Deck us all with Boston Charlie! Wallalwallawash and Kalamazoo! Nora's freezing on the trolley, swallerdoller cauliflower allygaroo!

Anyway... I started trying my hand at LotR slash (stop laughing, it ain't that funny). More based on the movie than the books because I've only ever read The Hobbit. Pretty much Aragorn/Legolas with a really shitty title... oh, you figure it all out!

The Lovers

Impetuous youth.
Beautiful, anxious, excitable, impetuous youth.
Funny. I think he is actually older than I am. In fact, I'm quite certain he is. But his features are so delicate, his skin so soft, and he seems almost small. Adolescent.
It makes me feel old. Still, I want to sweep him into my arms and brush my fingers through his hair; I want to quell every one of his fears. Not that he has any. The silly boy fears absolutely nothing, sadly. Such is the curse of immortality.
Ah well. He will learn, someday. Because time does catch up with all of us. Those of us lucky enough to be mortal, it kills. And the elves... that which battle does not remove, time either drives mad or makes wiser.
I hope, for his sake, that he is among the later.
Ah... he is watching me with smoldering gray-blue bedroom eyes, shifting a bit in his seat every time he is able to garner my attention. And he licks his lips, not seductively but nervously, toying gently with the ends of his long braids. Yes, his gaze flickers from me, to the ring, and back again. He can't decide... oh, he can't decide what's more enticing!
It would be funny if the situation wasn't so grave. The One Ring... it's so hard to believe that the hobbit- and with this thought, I sneak a sly look at said hobbit, the shy and unassuming Frodo- could have come this far with it. Truly, I am impressed... no small feat, I assure you. Frodo is not brave. He is not skilled, nor is he trained for any kind of battle. He is small and he is frightened.
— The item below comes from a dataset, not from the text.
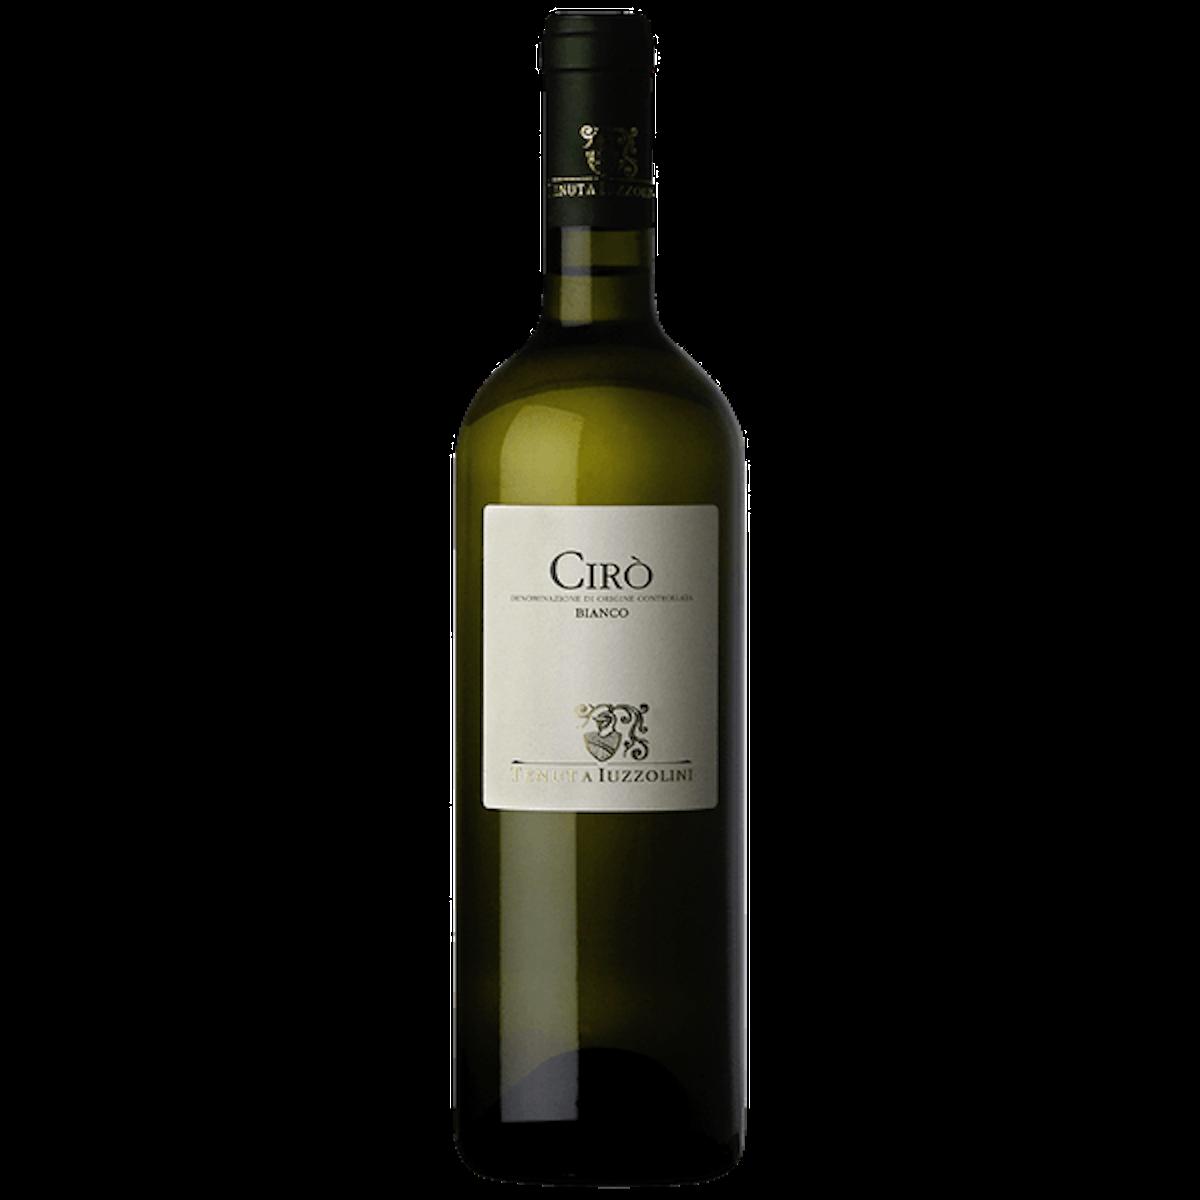 Ciro Bianco, 2020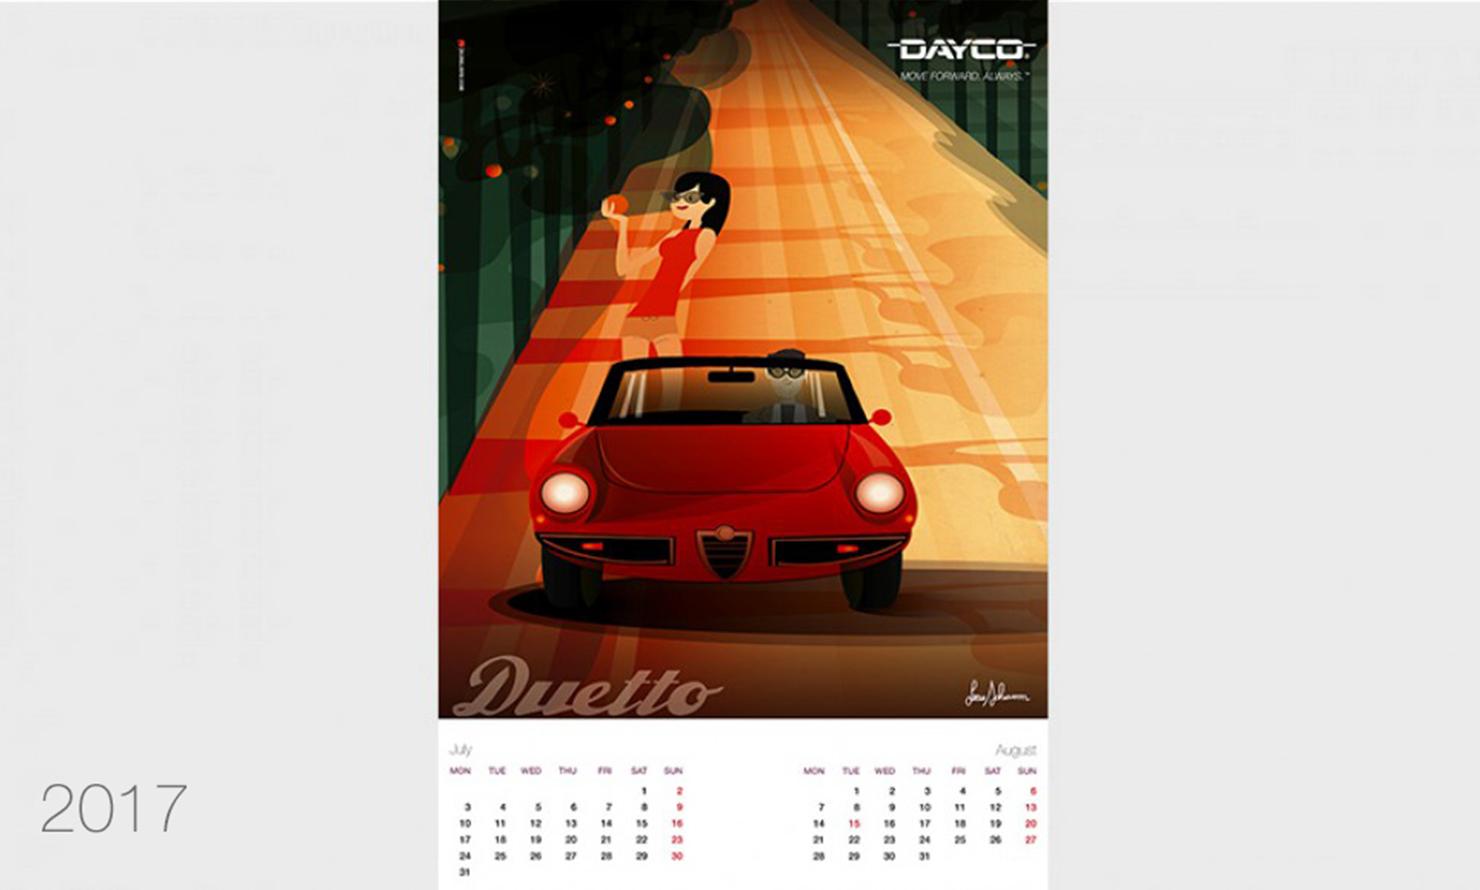 https://www.kubelibre.com/uploads/Slider-work-tutti-clienti/dayco-calendario-2017-4.jpg

But he made it this far, and for that I must tip my proverbial hat to him, the poor sod.
And yet... and yet... he stares straight ahead, tiny bow lips quivering, and again I am overcome with that strange desire to sweep him into my arms and assure him that we will make this turn out as it should. Childlike, young, innocent. Appealing in a very strange way. So very... very small...
He's caught me looking, my lovely, jealous elf. He glares at me with annoyance and I turn away in mock shame, truly trying my hardest to focus my attention on the matter at hand.
Boromir stands and begins ranting. Speaking again about the state of Gondor and what we should do about it. If I could bury my face in my hands without arousing suspicion, I would. If I could run from the room, I would. If the ground chose at that precise moment to open in a very precise Aragorn-sized hole beneath me, I would not mid in the least.
"-use this ring to restore Gondor to its former magnificence!" Oh, God... did that silly man just say what I think he said?
Yes, I suppose he did. And he's reaching for The Ring, too.
"No!" Someone cries. Boromir jerks as if awakened from a trance and the rest of the company starts as well. I wait anxiously to hear the further argument, but after a pause and a moment of thought, I discover it was I who spoke. "No. You cannot control it. None of us can. It would be idiocy to even try to use The Ring for good. It is evil. It will lead to evil. And It must be treated as such."
Boromir narrows his eyes and advances on me. "And who are you to decide such things?" He asks. "Who are you to pass-"
"He is a man you should show the utmost respect to!" A smooth, silky voice rises above that of Boromir's husky growl, immediately captivating all of our ears. Elfish voices will do that do mortals. "This man is Aragorn, Son of Arathorn. He is Isildur's heir and heir to the throne of Gondor!" He finished triumphantly, the entire council's eyes flowing smoothly from his face to mine, awaiting my reaction to this revelation.
Beautiful, anxious, excitable, impetuous, and ultimately idiotic youth. I want to give him a good, hard slap, but cannot. I am restrained to a very tense "Sit down, Legolas" spoken in Elfish.
A very good language to be angry in, actually.
Current Mood: coldcold
Current Music: Pink - Get This Party Started
shadowninja on December 24th, 2001 11:29 pm (UTC)
write more of that and you will be my hero.^_^
slashchick on December 26th, 2001 09:13 pm (UTC)
:D Wow.. very good! And Aragorn/Legolas too.. :D
Hey, thanks for joining 'slashwraiths'! You should post this there ;)
Meredithsillypants on January 2nd, 2002 06:50 pm (UTC)
Wow -- great :) I finally got around to seeing the film yesterday and since then have been looking for good slash with little success, so this certainly brightened my day considerably :)
DrWormdrworm on January 3rd, 2002 01:01 pm (UTC)
Hmm...*shifty eyes* Wanna know a secret? Probably not, but I'll tell you anyway...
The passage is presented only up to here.